Dose Constraints in Carbon-Ion Radiation Therapy to Minimize the Risk of Pectoral Myositis
Noriyuki Okonogi, Kumiko Karasawa, Kazutoshi Murata, Takuma Sayama, Ikumi Furuichi, Hitoshi Ishikawa

TL;DR
This study finds that high radiation doses in small muscle areas increase the risk of pectoral myositis in breast cancer patients treated with carbon-ion therapy.
Contribution
The study is the first to evaluate pectoral myositis after carbon-ion radiation therapy for breast cancer.
Findings
Higher RBE-weighted doses in small volumes of pectoralis major muscle were significantly associated with myositis.

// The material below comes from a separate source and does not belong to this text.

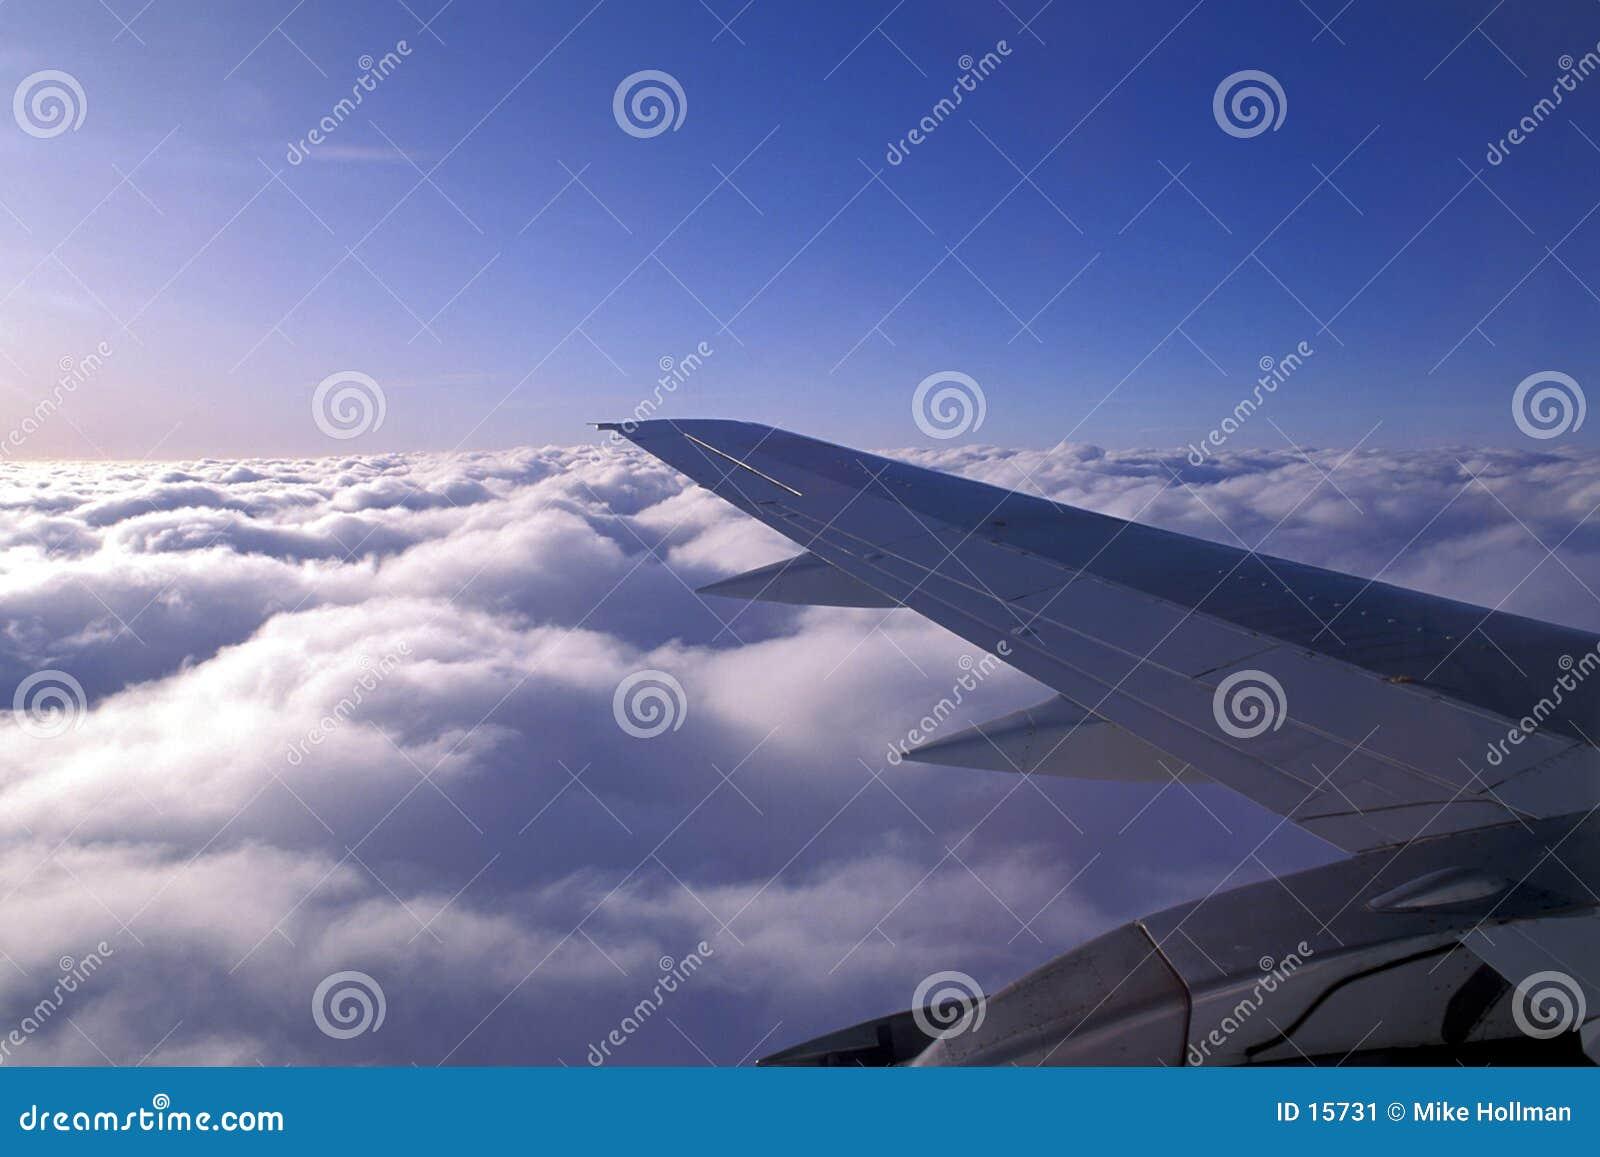 Ala de aviones

LET distributions showed no significant correlation with myositis development.
D0.1cm3 to the pectoralis major muscle in patients without myositis was consistently below 33 Gy (RBE).
Abstract
Carbon-ion radiation therapy (C-ion RT) is an emerging nonsurgical treatment for early stage breast cancer, offering biological advantages such as high linear energy transfer (LET) and precise dose distribution. However, the risk of radiation-induced toxicity, particularly pectoral myositis, remains unclear. This study evaluates the relationship between RBE-weighted dose, LET, and pectoral myositis in patients receiving C-ion RT. Fourteen patients with cT0-1N0M0 breast cancer were treated with C-ion RT (46-50 Gy [RBE]) in the prone position. Magnetic resonance imaging was performed pretreatment and at 3-month intervals post treatment to assess pectoral myositis. RBE-weighted dose-volume histograms and LET distributions were analyzed. Statistical comparisons between patients with and without pectoral myositis were conducted using chi-square and t-tests. Four of 14 patients (29%)…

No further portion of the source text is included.